#### Dataset extract

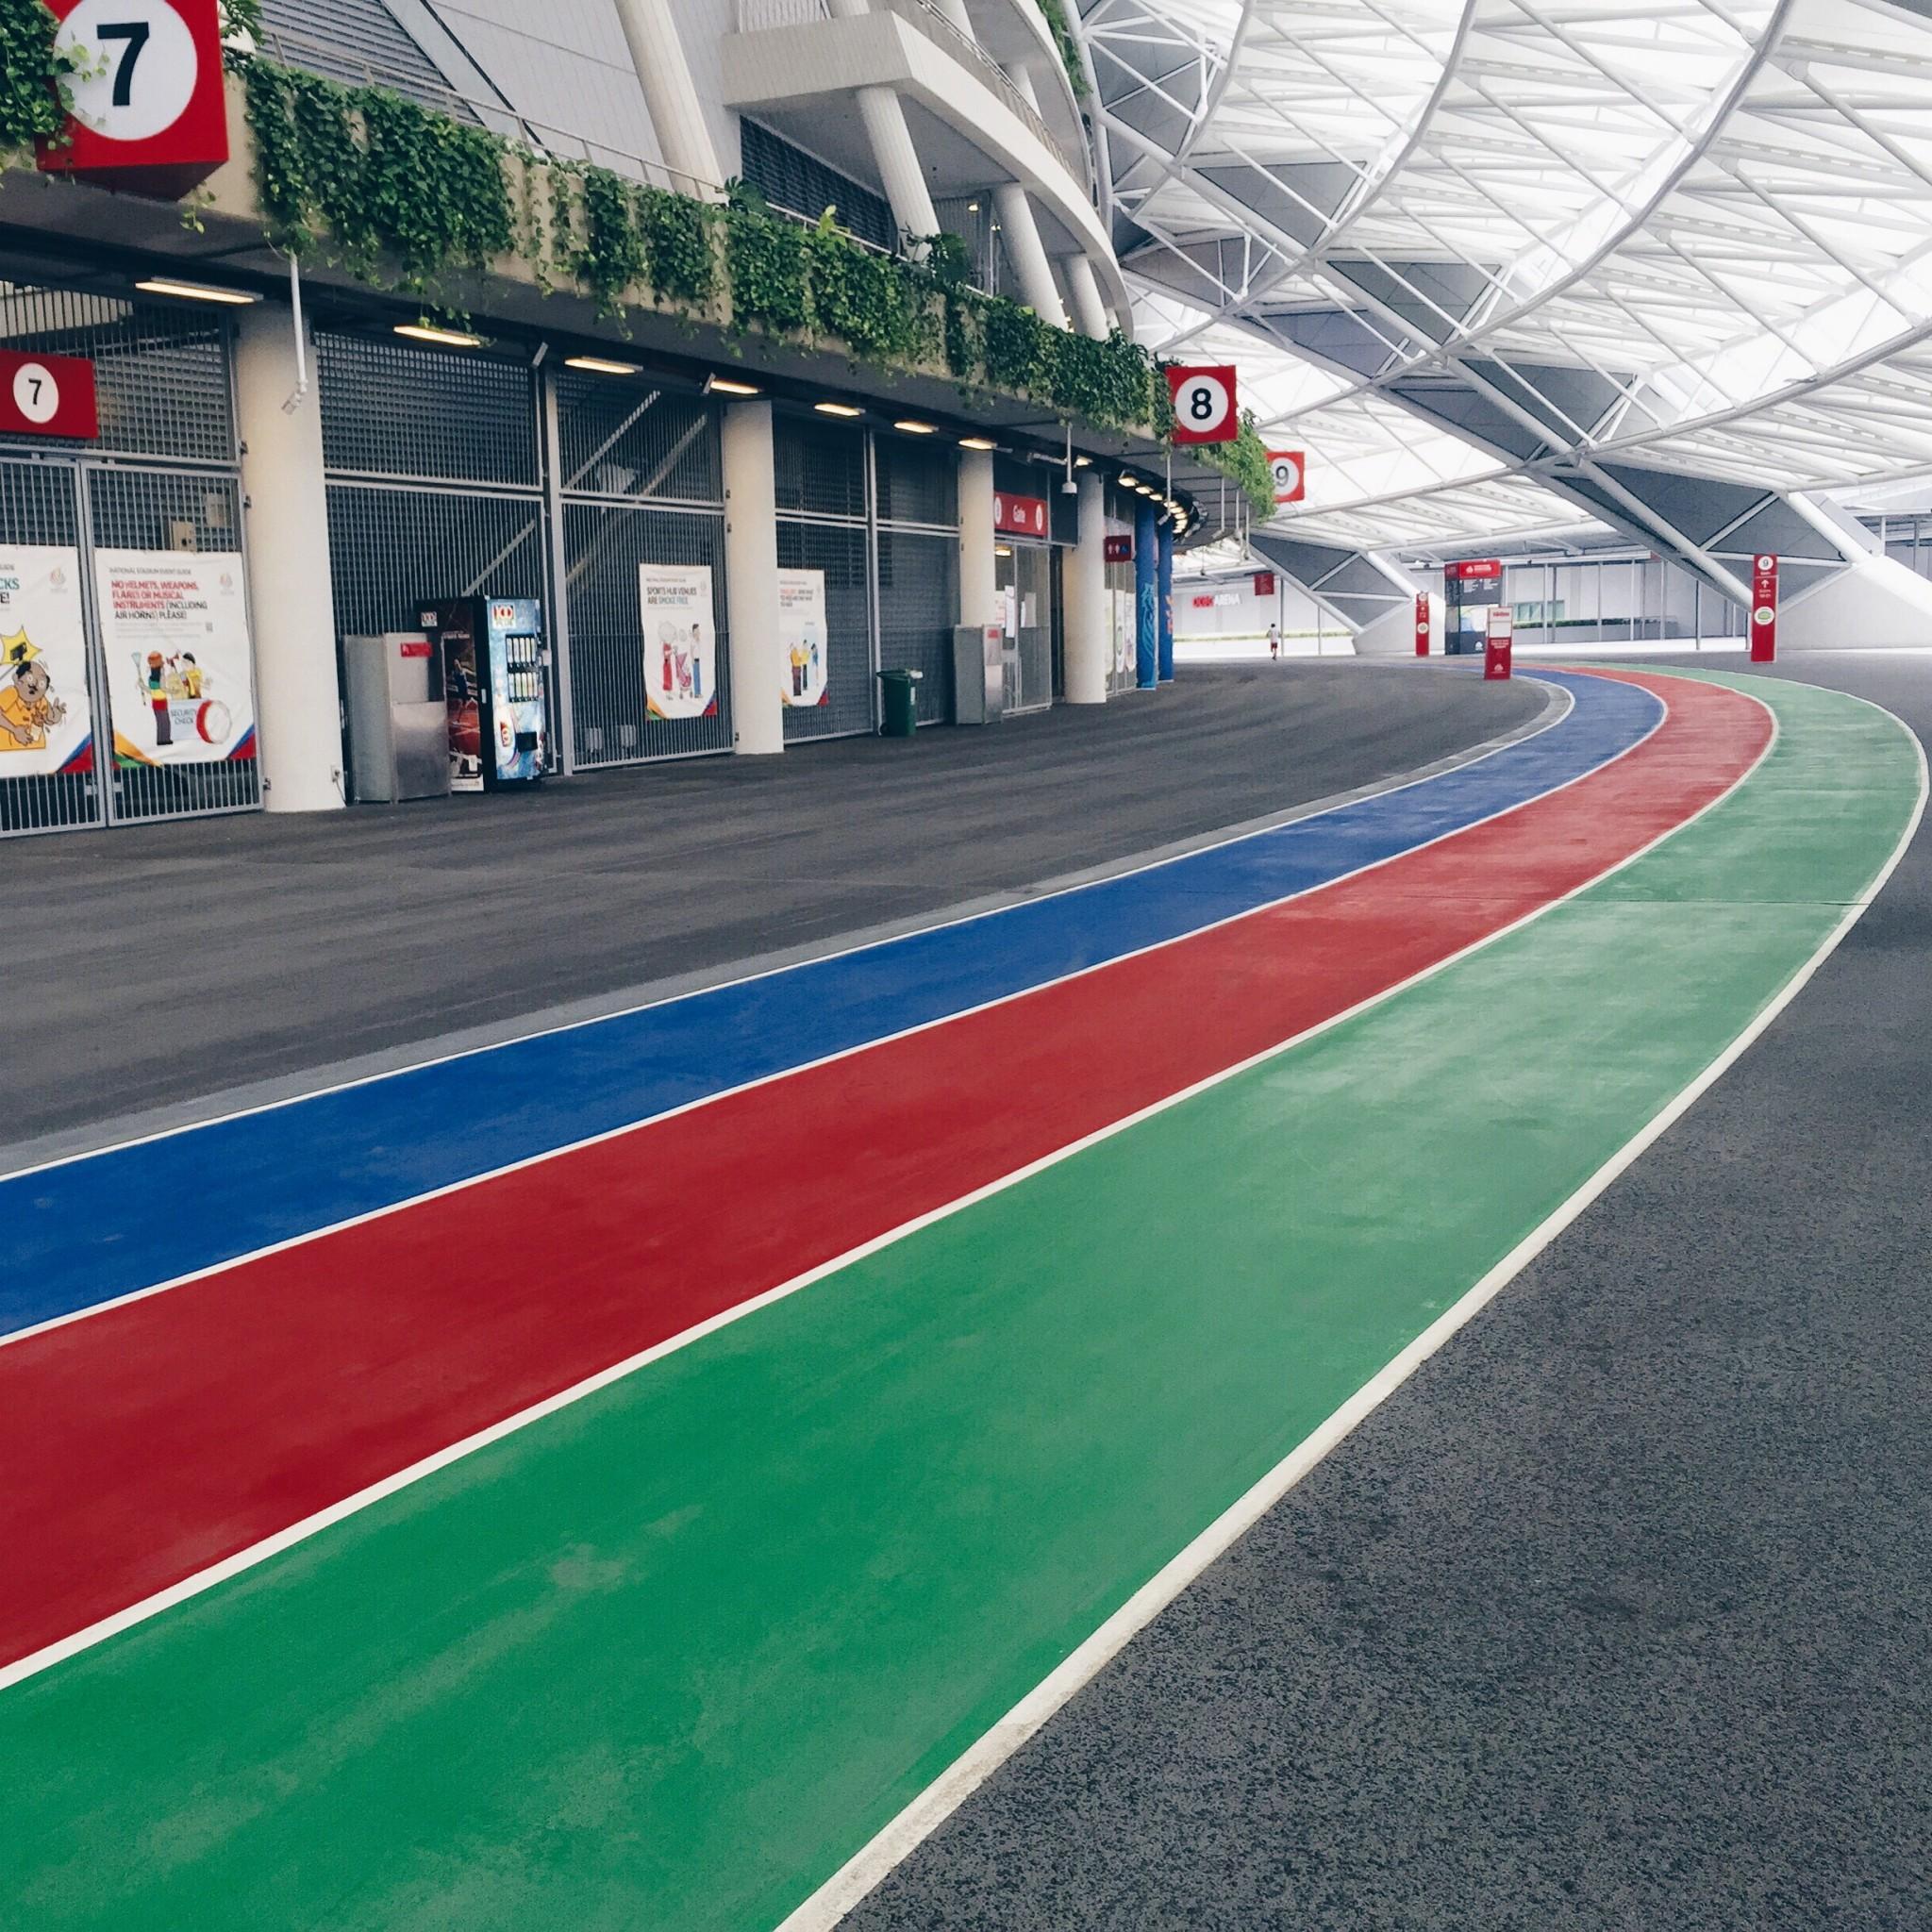 100Plus Promenade / Singapore Sports Hub | Just Run Lah!
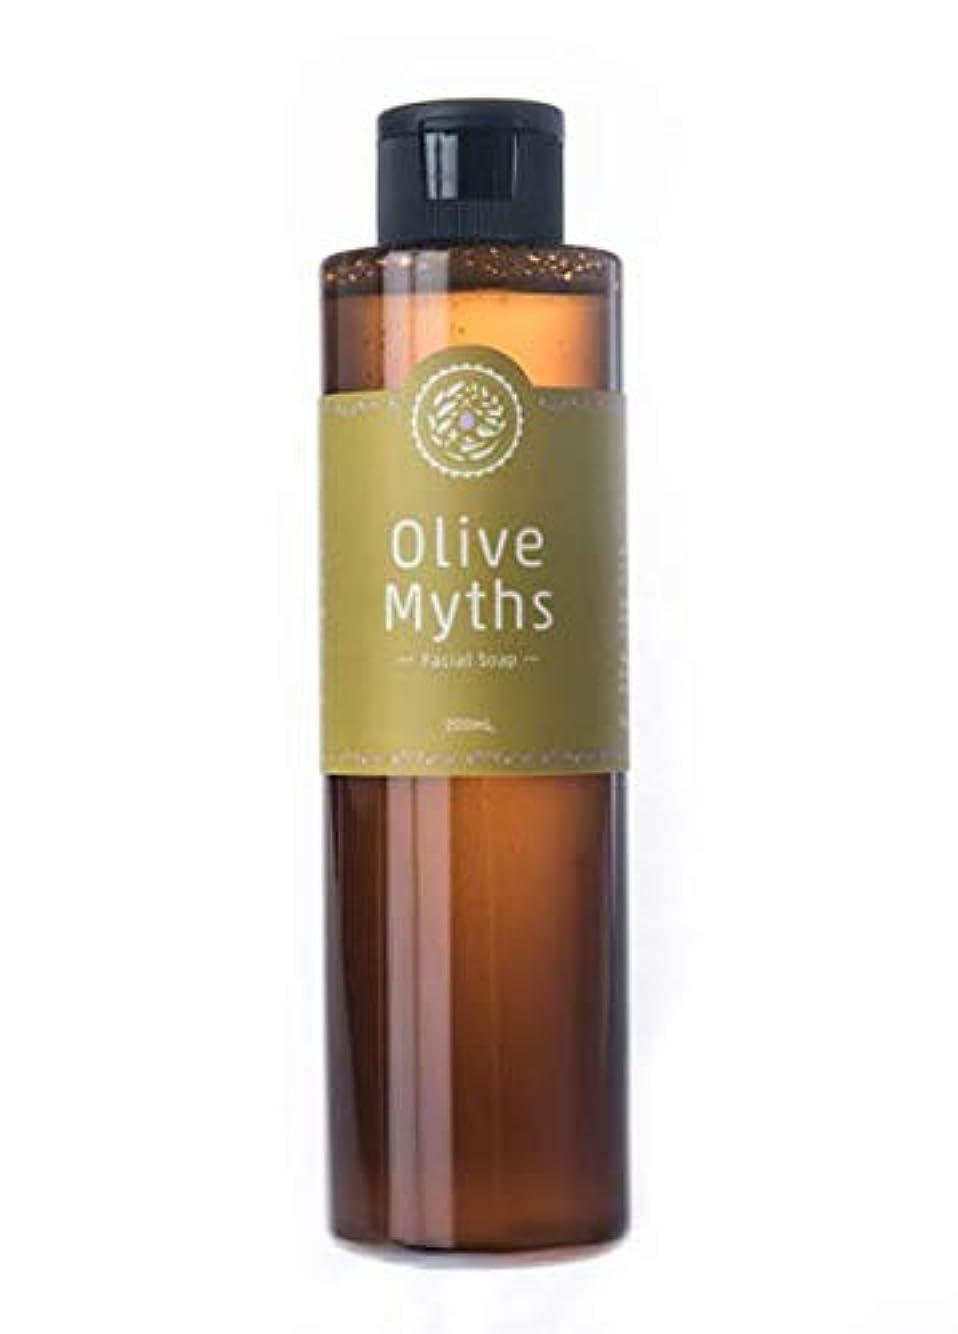 ディレイスタッフいらいらするmaestria. OliveMyths 『Olive Myths フェイシャルソープ』200ml MJOM-002
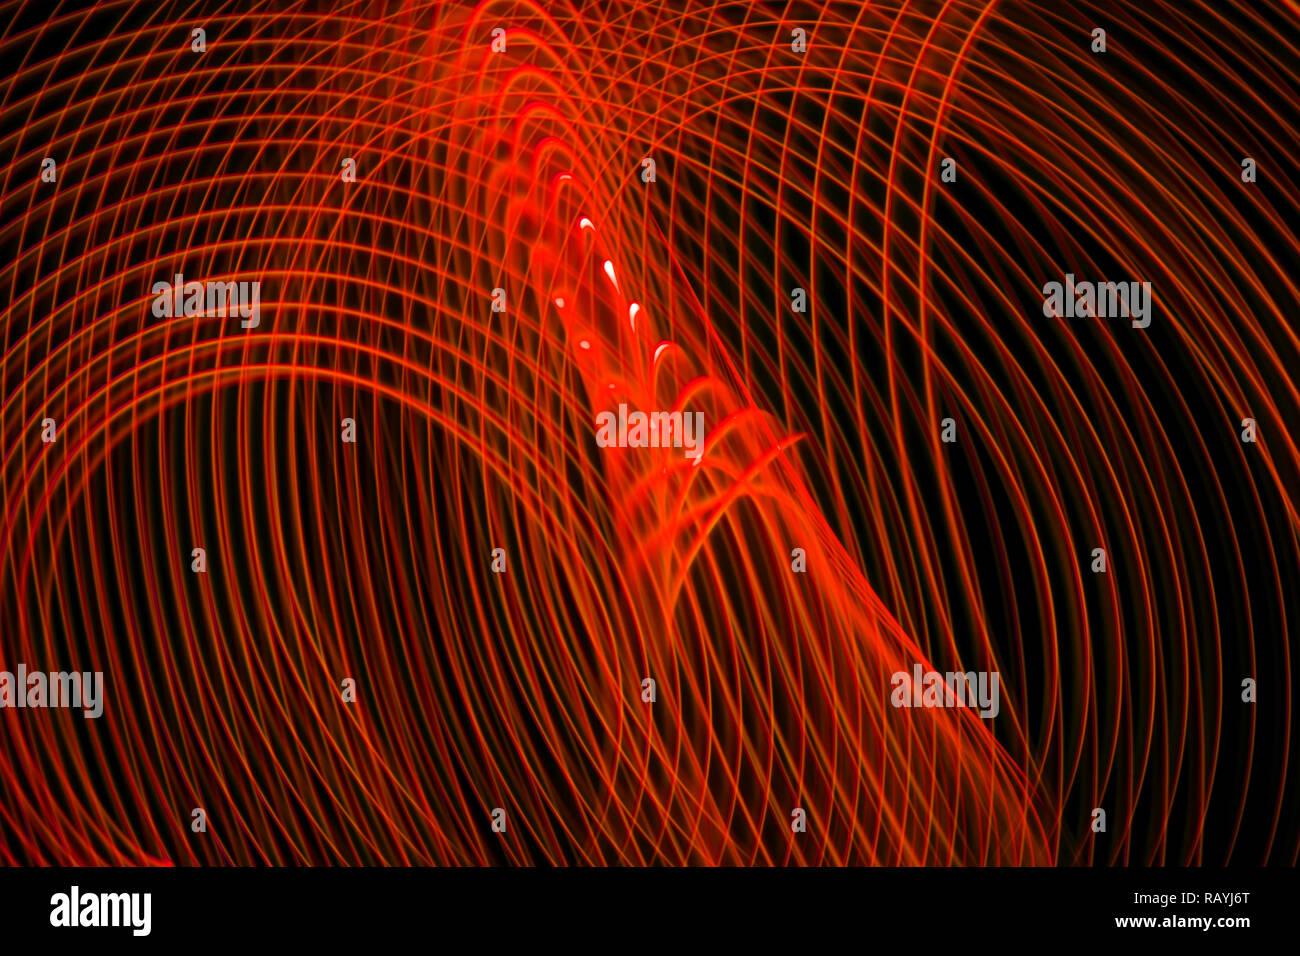 Résumé fond horizontal et vertical de l'interruption des rayures rouges. Arrière-plan de l'affiche pour l'effet glitch, couvrir, concept design, bannières, prés Banque D'Images

########

*Directions:* The data above must be written out again without alteration, and the pictures in them must be excluded.

*Reply:*
 100Plus Promenade / Singapore Sports Hub | Just Run Lah!
 ディレイスタッフいらいらするmaestria. OliveMyths 『Olive Myths フェイシャルソープ』200ml MJOM-002
 Résumé fond horizontal et vertical de l'interruption des rayures rouges. Arrière-plan de l'affiche pour l'effet glitch, couvrir, concept design, bannières, prés Banque D'Images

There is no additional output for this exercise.